Storage provider credential evidence is owned by the storage domain in storage_credential_sessions. IAM Token Issuer records the common issuance metadata and audit action, while storage records bucket/grant scope and provider-session posture. The evidence row is user-safe operational data and must contain only:

  • credential_session_id
  • GPUaaS actor and requested provider-session actor summary
  • bucket_id, prefixes, permissions, and provider backend
  • credential type, client kind, issued/expiry timestamps
  • provider session/policy references that are not themselves credentials
  • revocation state and source workflow/correlation metadata

The evidence row must not contain raw provider access keys, secret keys, session tokens, wrapped-token bytes, provider admin credentials, raw provider policy JSON, or any material that can be replayed as a credential.

Storage And WEKA

IAM Token Issuer should not know WEKA policy internals. Storage remains the owning domain for grant checks and provider adapter behavior.

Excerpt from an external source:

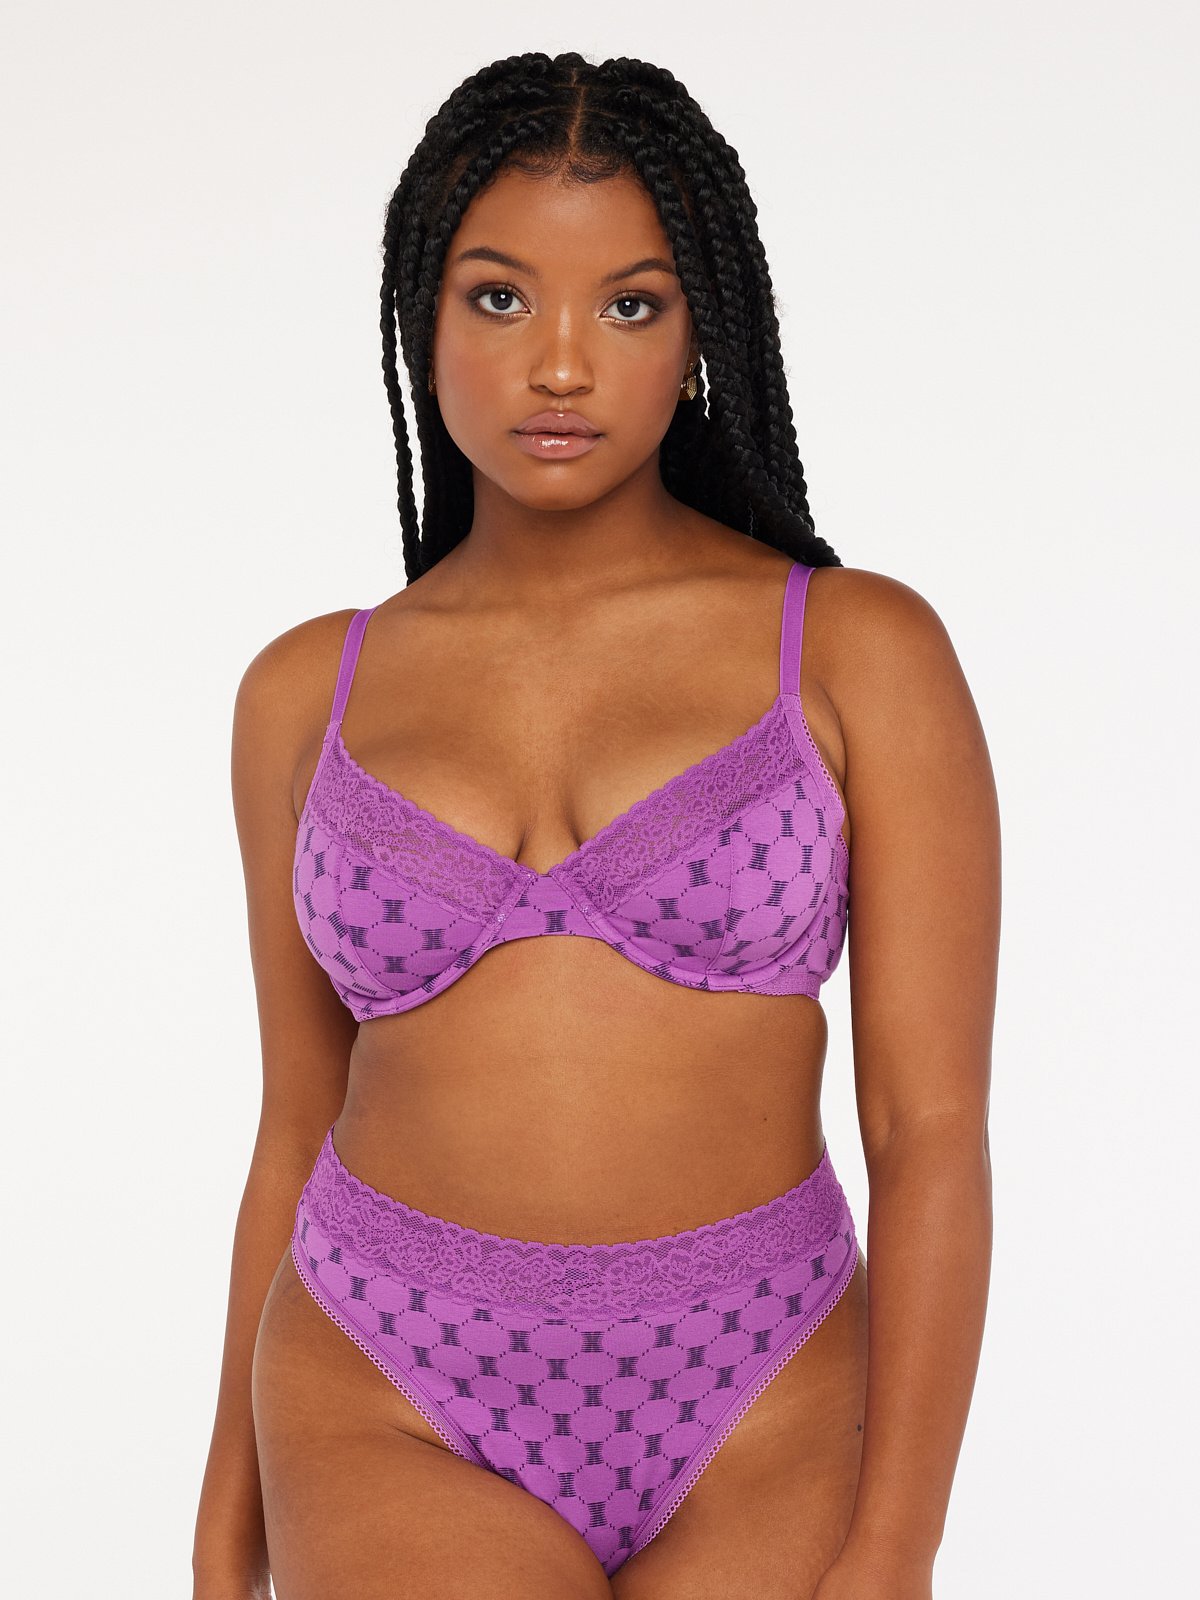 Cacique Purple Cotton Blend Lightly Lined Full Coverage Bra Women's Size 46D  - $27 - From Taylor

For direct S3/SDK credentials:

storage service
  -> validates bucket/grant/project access
  -> calls IAM token issuer provider-session issuer
  -> provider adapter issues short-lived credential or wrapped delivery
  -> storage_credential_sessions evidence row
  -> audit action auth.provider_credential.issue + storage.credential.issue
  -> one-time response with credential material + credential_session_id

For WEKAFS/POSIX mounts:

  • IAM Token Issuer may issue workload/service-account tokens used by workers or controllers to fetch mount plans.
  • The node-agent should still receive typed node tasks, not raw provider admin credentials.
  • Mount plans and provider endpoints are user-safe operational data; mount secrets or provider admin credentials must remain in Vault or wrapped delivery.

Endpoint Strategy

Do not add a broad public /iam-token-issuer endpoint in v1.

Preferred path:

  1. Add an internal Go package/interface used by existing auth endpoints.
  2. Migrate service-account token issuance to the issuer.
  3. Migrate shared-runtime operator issuance to the issuer.
  4. Add narrowly scoped API endpoints only when a domain needs them, for example:
  5. existing /api/v1/auth/service-account/token
  6. existing /api/v1/auth/shared-runtime-operator/token
  7. existing/planned storage credential endpoint /api/v1/v3/storage/{bucket_id}/credentials
  8. Keep provider credential issuance behind the owning domain API, not a generic user-facing token endpoint.

Package Boundary

Proposed package:

packages/services/auth/iamtokenissuer

Initial interface:

type Issuer interface {
    IssueServiceAccountToken(ctx context.Context, input ServiceAccountTokenInput) (*BearerToken, error)
    IssueSharedRuntimeOperatorToken(ctx context.Context, input SharedRuntimeOperatorTokenInput) (*BearerToken, error)
}

Follow-on provider credential interface should be added only after the storage adapter needs it:

type ProviderCredentialIssuer interface {
    IssueProviderCredential(ctx context.Context, input ProviderCredentialInput) (*ProviderCredential, error)
}

The issuer may live inside packages/services/auth at first if that avoids a premature package split. The key invariant is a single issuer path and single audit/policy contract.

Security Rules

  1. No token or credential material in query parameters.
  2. No credential material in logs, traces, read models, or durable UI state.
  3. Every issuer path uses constant-time credential comparison where secrets are verified.
  4. Every issuer path has a max TTL enforced by policy.
  5. Every issuer path has an explicit audience.
  6. Scope normalization is centralized.
  7. Actor/resource binding is server-authoritative; clients cannot mint cross-project or cross-tenant tokens by choosing claims.
  8. Token signing keys must remain platform custody. Production hardening should move from local envelope-key HS256 to KMS/Vault/JWKS-backed signing.

Migration Plan

Phase 1: Extract Current Issuers

  • Add an IAM token issuer service path used by both current token endpoints.
  • Keep wire contracts unchanged.
  • Preserve current TTL policy and claim shapes.
  • Add unit tests proving both old endpoints emit equivalent claims.
  • Add audit rows for successful and failed token issuance if not already present.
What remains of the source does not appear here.